If you’d rather not eat the gotchas yourself (CLIP modality gap, dual inference server crash, LLM-jp’s empty chat template), there’s a runner kit at the bottom of the page that has all of this fixed.

Goal

Drop PDFs into a folder and ask “tell me about X in this document” through Open WebUI.
The original architecture is still:

  • llama.cpp llama-server (OpenAI-compatible, GGUF model)
  • Chroma (persistent vector DB)
  • FastAPI (ingestion + OpenAI-compatible /v1/chat/completions)
  • Open WebUI (chat UI)

Four processes.

Environment

  • M1 Max 64GB / macOS
  • Python 3.13 (miniconda)
  • uv 0.10
  • Docker 29
  • Existing Ollama: gemma3:12b, qwen3.6:35b, bge-m3, qwen2.5vl:7b

The GGUF model gets pulled from Hugging Face. I went with gemma-3-12b-it-Q4_K_M.gguf (7.3GB).
I happened to already have the same file in ComfyUI’s text encoder folder, so I reused it.

The Wiring

flowchart LR
  PDF[PDF folder<br/>data/pdfs/] --> Ingest[FastAPI /admin/reload]
  Ingest --> Chroma[(Chroma<br/>data/vector_store/)]
  UI[Open WebUI<br/>:3001] -->|OpenAI-compat| API[FastAPI<br/>:8088]
  API -->|retrieve| Chroma
  API -->|/v1/chat/completions| Llama[llama-server<br/>:8081]
  Llama --> API
  API --> UI

FastAPI sits in the middle as both an OpenAI-compatible server (to Open WebUI) and an OpenAI-compatible client (to llama-server). Putting the boundary here means swapping the model server (Ollama, LM Studio, vLLM) is a single-piece change instead of a refactor.

Installing llama.cpp

llama-cpp-python works too, but the build flags and runtime options are kind of opaque, so I went with the CLI build via Homebrew.

brew install llama.cpp

/opt/homebrew/bin/llama-server lands. Metal backend is built-in, no extra work.

Pulling the GGUF

bartowski/google_gemma-3-12b-it-GGUF at Q4_K_M.

mkdir -p ~/models
huggingface-cli download bartowski/google_gemma-3-12b-it-GGUF \
  google_gemma-3-12b-it-Q4_K_M.gguf \
  --local-dir ~/models

7.3GB, so 5–15 minutes depending on bandwidth.
A different quant or model is just a llama-server -m <path> away.

Starting llama-server

llama-server \
  -m ~/models/google_gemma-3-12b-it-Q4_K_M.gguf \
  --host 127.0.0.1 --port 8081 \
  -c 4096 -ngl 999

-ngl 999 ships every layer to Metal. M1 Max 64GB swallows a 12B Q4 with room to spare.

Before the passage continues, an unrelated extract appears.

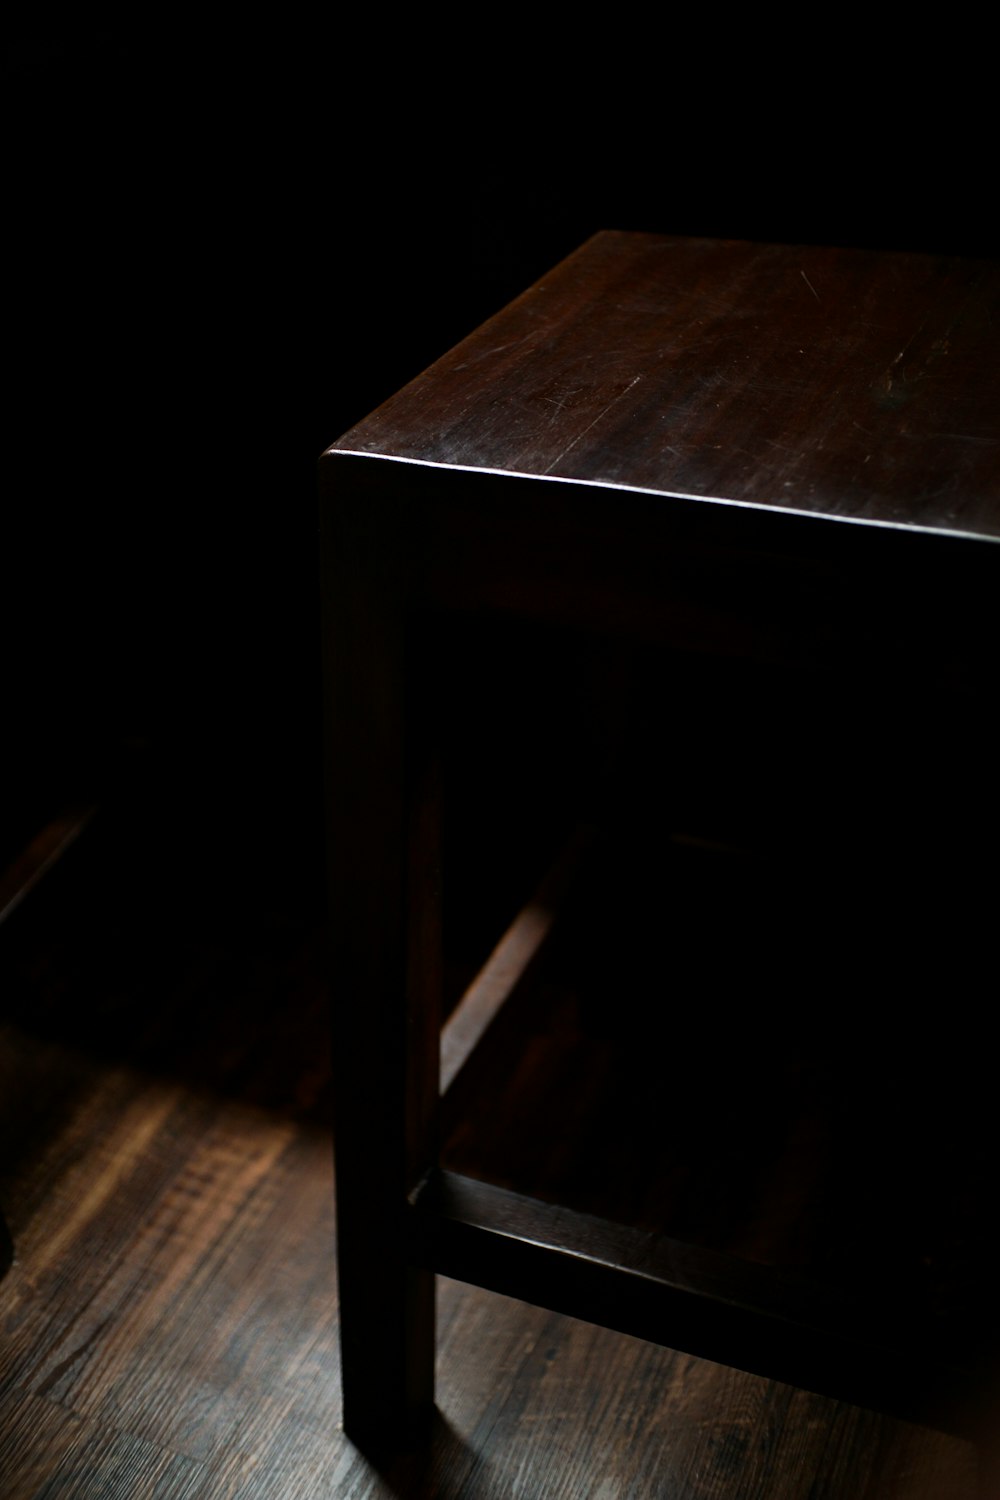 Có phải bạn đang muốn tìm kiếm một chiếc bàn đen với giá hợp lý để trang trí cho không gian nhà bạn? Thì đừng bỏ lỡ hình ảnh bàn đen 30k+ mà chúng tôi giới thiệu! Hình ảnh này sẽ cho bạn cái nhìn rõ nét về chiếc bàn với thiết kế độc đáo, phù hợp cho nhiều phong cách trang trí nhà. Hãy xem và cảm nhận nhé!

curl -s http://127.0.0.1:8081/v1/chat/completions \
  -H "Content-Type: application/json" \
  -d '{"model":"gemma","messages":[{"role":"user","content":"Hello in 5 words"}],"max_tokens":40}'

Timing info comes back too. Generation hits about 30 tok/s. Q4_K_M on a 12B at that speed feels responsive once you’re chatting through a UI.

Project Layout

uv to bootstrap. FastAPI, Chroma, Sentence Transformers, pypdf, langchain-text-splitters.

mkdir -p ~/projects/local-pdf-rag && cd $_
uv init --python 3.12 --name local-pdf-rag
uv add fastapi uvicorn pydantic httpx 'chromadb>=0.5' \
       sentence-transformers pypdf langchain-text-splitters python-multipart

Tree:

local-pdf-rag/
├── app/
│   ├── config.py    # env vars and paths
│   ├── store.py     # Chroma client
│   ├── ingest.py    # PDF → chunks → Chroma + search
│   └── server.py    # FastAPI (OpenAI-compatible)
├── data/
│   ├── pdfs/        # input PDFs
│   └── vector_store/# Chroma persistent dir
└── pyproject.toml

Persisting Chroma

PersistentClient(path=...) writes a SQLite + HNSW index into the directory you point at.

# app/store.py
import chromadb
from chromadb.utils import embedding_functions

client = chromadb.PersistentClient(path="data/vector_store")
embedder = embedding_functions.SentenceTransformerEmbeddingFunction(
    model_name="sentence-transformers/all-MiniLM-L6-v2"
)
coll = client.get_or_create_collection(
    name="pdf_kb",
    embedding_function=embedder,
    metadata={"hnsw:space": "cosine"},
)

The DEV article wired Chroma through langchain_community.vectorstores.Chroma with an explicit persist(). Newer Chroma persists automatically with PersistentClient, so I dropped the LangChain layer and talk to Chroma directly.

PDF Ingestion

pypdf.PdfReader for per-page text extraction → RecursiveCharacterTextSplitter for chunks → coll.upsert() with metadata.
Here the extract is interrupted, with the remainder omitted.